Embedded value subject 302 April 2004 Question 1ii

Discussion in 'SP2' started by nyaman, Sep 9, 2019.

  1. nyaman

    nyaman Very Active Member

    a) solution says in future years, the profit from the existing business will be higher than before which will increase the profitability measure on the other hand incoming new business will increase embedded value by less than previously, so reducing profitability measure compared with before. So overall effect on the subsequent years calculations will depend on the amount of new business that is actually sold relative to the amount of existing business in force.

    So my question does this mean that if more new business profits from the existing business are diluted and effectively the profitability measure will decrease?

    b) the question also applies to this solution as well.
     
  2. Lindsay Smitherman

    Lindsay Smitherman ActEd Tutor Staff Member

    Yes, that's broadly right. What the solution is saying is that:

    1. The strengthening of the reserving basis might result in a one-off reduction in the EV and hence a one-off reduction in EV profit (where EV profit is defined as being the change in EV). [I only say 'might' because this is only the case if the EV discount rate is higher than the expected investment return in the EV projection basis.]

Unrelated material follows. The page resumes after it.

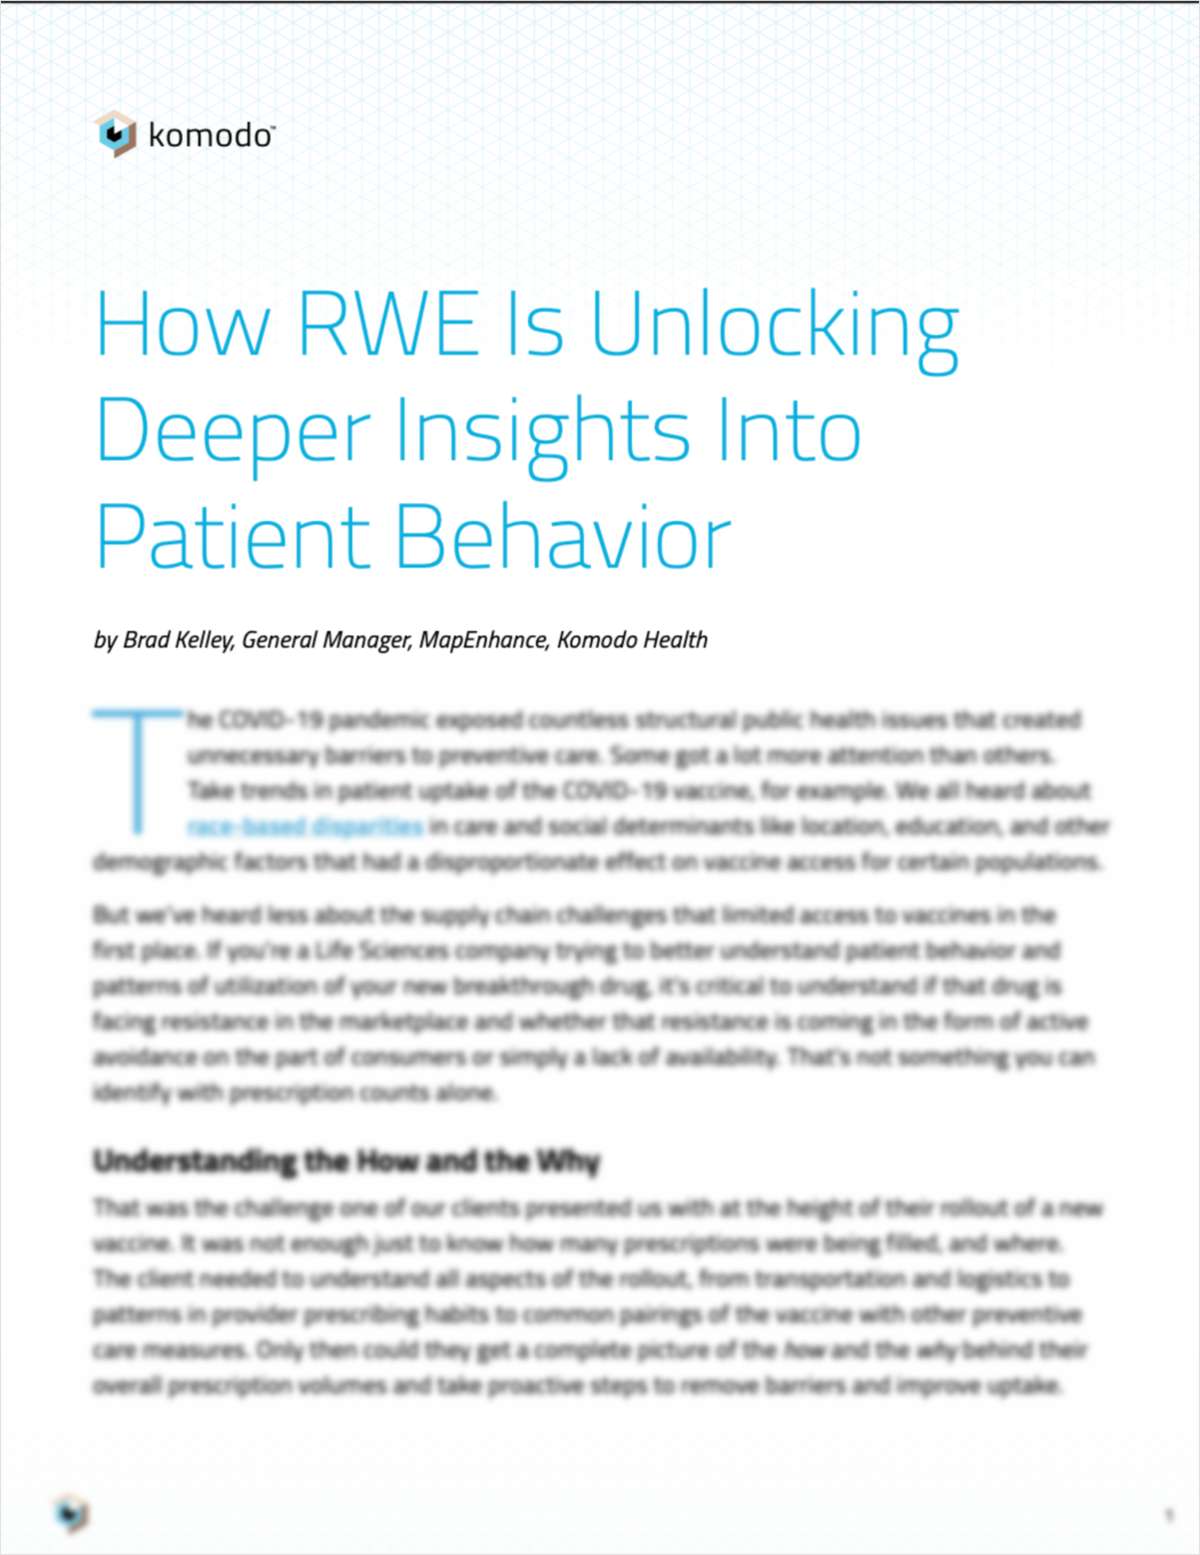 Blog: How RWE Is Unlocking Deeper Insights Into Patient Behavior

    2. However, there will be higher EV profits arising going forwards into future years in respect of the existing business only (ie ignoring the addition of future new business). Bear in mind that the reserving basis used doesn't impact the total profits actually arising over the full duration of a contract, only the pace at which the profits emerge. The change in reserving basis here has deferred the emergence of EV profit: lower EV profit at the time of the change, but then higher EV profits thereafter to balance this and so that the total profit arising is unchanged.

    3. But we also have to consider that EV profit in future will also include the change in EV resulting from writing new business. As is consistent with point 1, the amount of EV profit arising for each new policy written is now lower than it was before we did the reserving basis change.

    Total impact on future EV profit =
    impact on future EV profit in respect of existing business + impact on future EV profit in respect of future new business

    The first part of this formula has gone up and the second part has gone down. Whether the overall impact is an increase or decrease therefore depends on the amount of new business written relative to the volume of existing business. If there is no (or very little) new business being written, we would expect the overall impact of the basis change on future EV profit to be an increase - since the first part of the formula dominates. If there is a huge amount of new business being written, we would expect the overall impact on future EV profit to be a decrease (at least until this amount of new business stops being written and the business starts to run off) - since the second part of the formula dominates.

    Yes - although only if actual experience turns out to be unchanged from before (so that the total actual profit arising from each tranche of business over its full duration is unchanged by the basis change).

    Hope that helps.
     
  3. nyaman

    nyaman Very Active Member

    Thanks for the very detailed explanation it really helped me understand better the concepts. They can be a bit confusing sometimes.
     
  4. Lindsay Smitherman

    Lindsay Smitherman ActEd Tutor Staff Member

    Yes - but don't worry, this is a difficult question!